As I am building the vision of Embodied Doula Trainings, mentoring doulas, and navigating my own doula career, which is now nearly a decade long, it’s becoming clear to me how fear has come to rule (maybe always ruled?) the land of doulas (and other birth workers). As supporters of birth, and especially supporters of births in hospitals and in America, I believe many of us work from a foundation of fear, and that fear gets perpetuated, like generational trauma, throughout each new generation of birth pros. How can we then, being built into this fear system, support birthing people in confronting or overcoming their fears in pregnancy, birth, and postpartum? The answer is, what we are doing, and the paradigm of fear we are working within, is not working.
The dominant narrative around doula work is fear-based. If we have trained with some of the old school training orgs, we received messages such as, “Don’t speak to nurses and doctors directly, only speak to your client,” “If you say the wrong thing [or anything], you’ll get kicked out,” “If you do the wrong thing, the hospitals won’t let any doulas in,” “You’ll have to bite your tongue a lot as a doula,” “Never undermine your client’s confidence in their care provider [no matter what you know about them],” and more. There is fear of advocacy, fear of activism, fear of fitting into the medical industrial complex in order to slide by, unnoticed. In many ways, these fears are understandable. It takes incredible strength to stand up to a system as deeply rooted and culturally engrained as hospital based obstetrics. Most doulas receive little to no training on how to artfully advocate for their clients’ rights (both patient and human). Personally, I still feel ill-equipped to navigate it, especially in the South, where respect of patient rights are far from centered.
Thankfully, there are a lot of people working in the birth world who counter this narrative of “the good doula.” But I see the fear mounting among those who are invested in the old way.
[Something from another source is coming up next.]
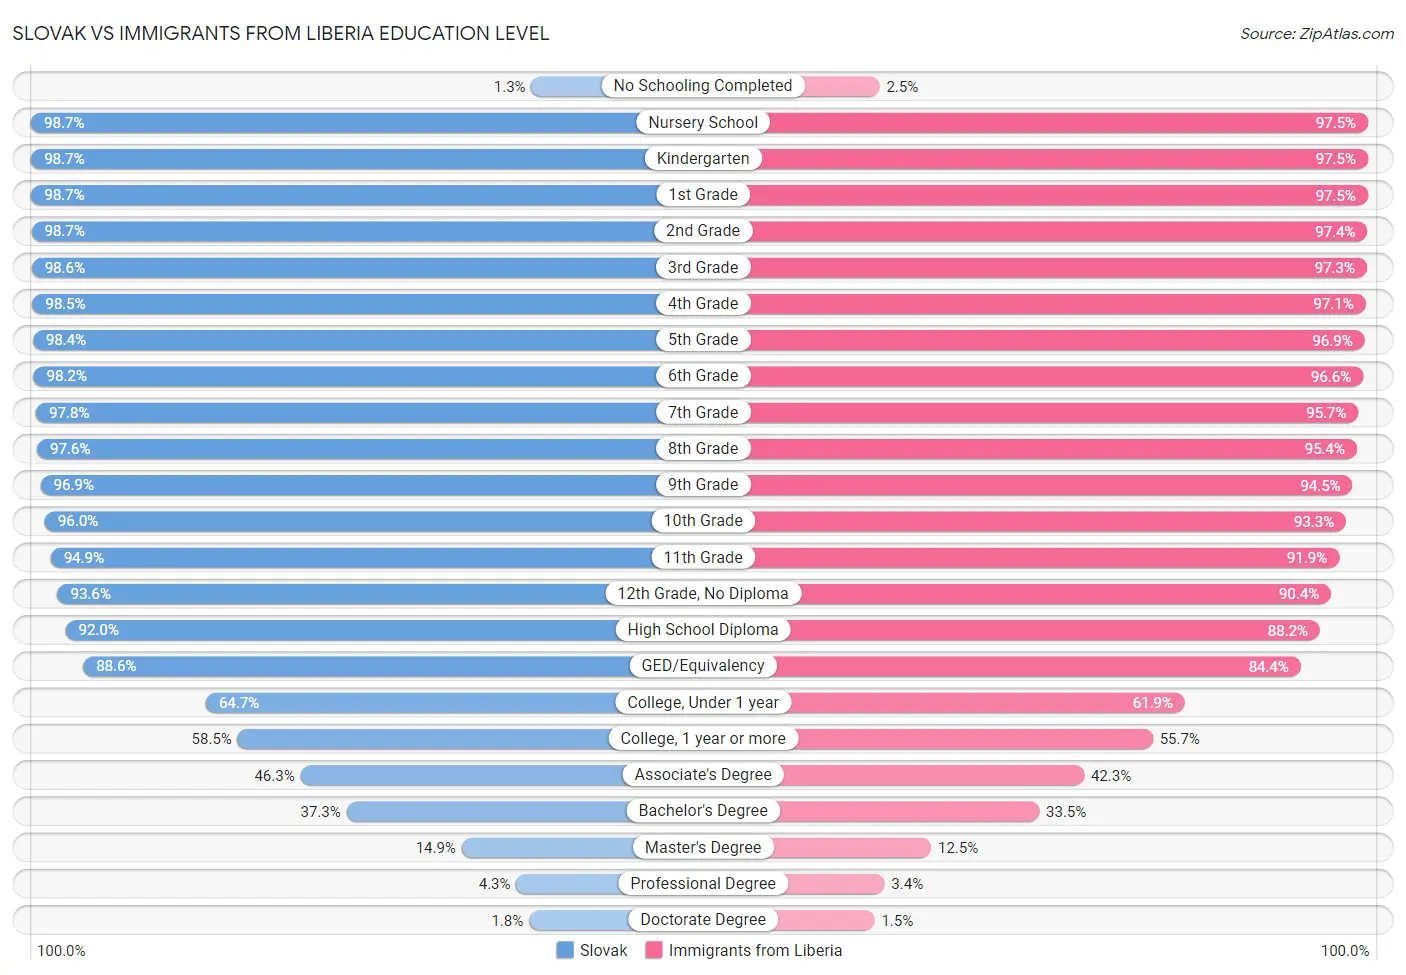 Slovak vs Immigrants from Liberia Education Level

They know their power is slipping, that doulas are waking up to the ever-changing dynamic of our work, and that we have to evolve, lest we become obsolete. The old way is obsolete. It doesn’t work. I hear more visionary doulas pointing this out and my whole body screams in agreement! Doulas have existed for decades and the proof, as they say, is NOT in the pudding. We have done little to change the system within which most people birth in this country. On an individual level, of course doulas do good work and offer valuable support to their clients, not saying that we don’t, but the fear methodology has kept doulas working at the “bedside” and not for larger, systemic change. And when I speak in these general terms, I primarily mean white doulas, and I primarily mean doula organizations that were founded between the 70s-90s, and still have a stronghold on training new doulas today.
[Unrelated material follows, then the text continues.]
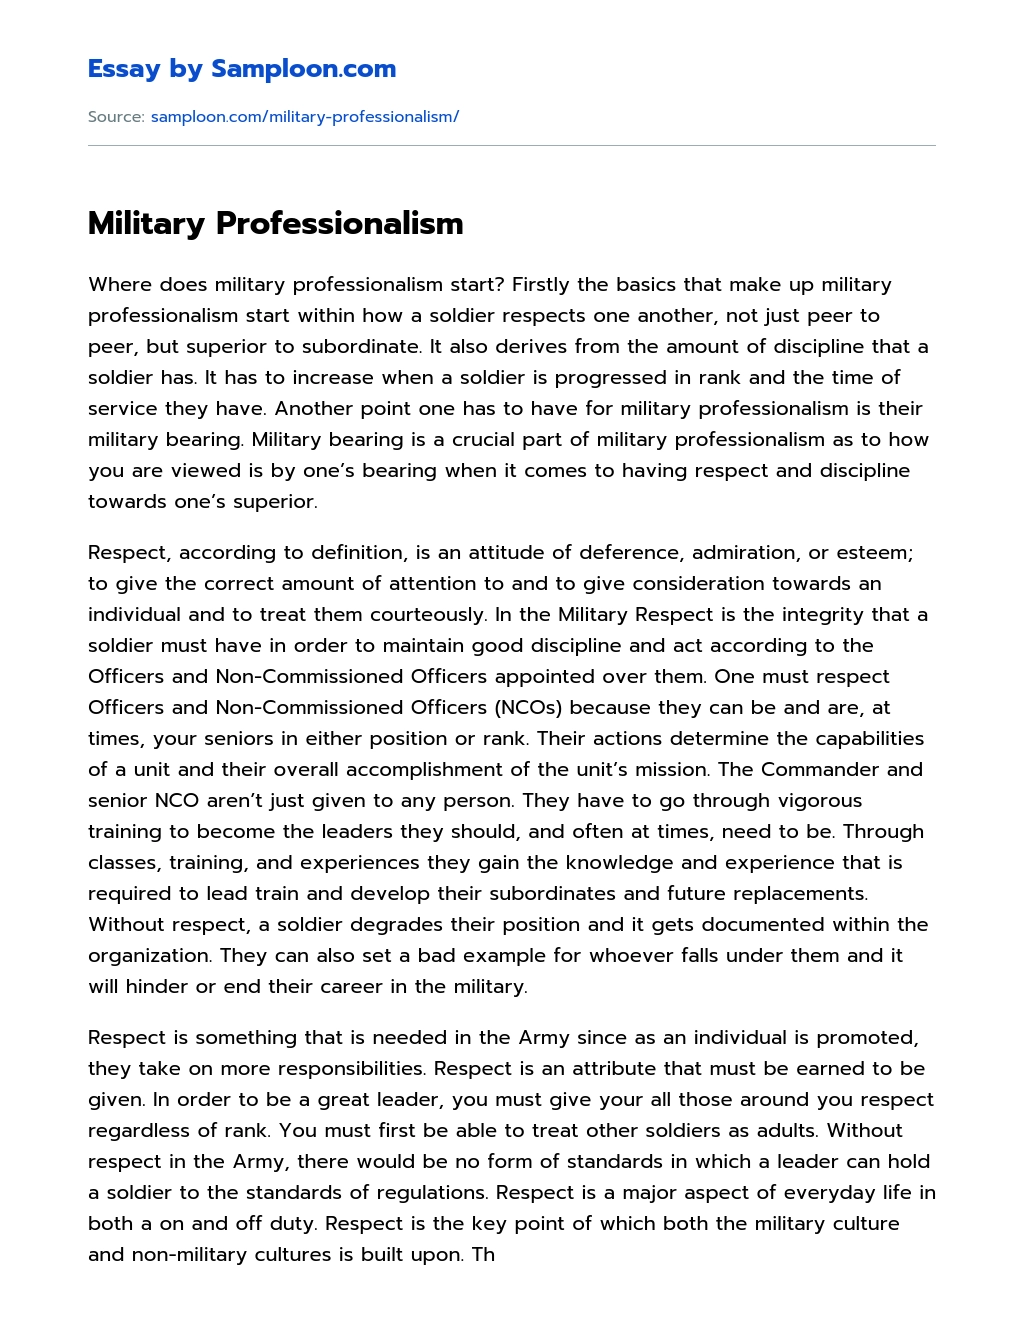 argumentative essay military rule is better than civilian rule

The past year, and COVID-19 (and its accompanying restrictions on doula hospital access… and all that came with that…), has highlighted even more the need for doulas. Families facing childbirth and parenting during this pandemic need more support, more familiarity, more feelings of connection that are being stripped from them for necessary and (to my mind) unnecessary reasons. Doulas have shown up in big ways to help families navigate birth and new parenthood in an incredibly isolating, scary time. I’ve seen some great strides in some communities to get doulas back into hospitals, and yet, the “biggest” doula orgs in the country did nothing to help. Let their purported power and influence go to waste when we as individual doulas have been struggling to survive, to show up for our clients, to figure out what “virtual” doula work looks like, etc.
It comes back to fear. Fear of rocking the boat. Of not being “good girls,” though we know not all doulas are female-identifying. Fear of change. Because they see us new/newer doula orgs out here working hard to teach advocacy, anti-racism, affirmation/inclusivity, real business skills, burn-out-prevention, and more, and know that it is dismantling, nay, crumbling their very beliefs, their very being. Doing the work to create EDT, to train doulas to be successful business owners who not only skillfully and compassionately support their clients and community, but work for bigger change, is hard. It’s taxing. I am exhausted already and we’re just at the beginning. But it is worth it. Every student doula, every client, every childbirth class, every utterance of “you are a human being, you have rights, you can say no, I will say no with you,” is doing something positive, something needed. A propeller forward.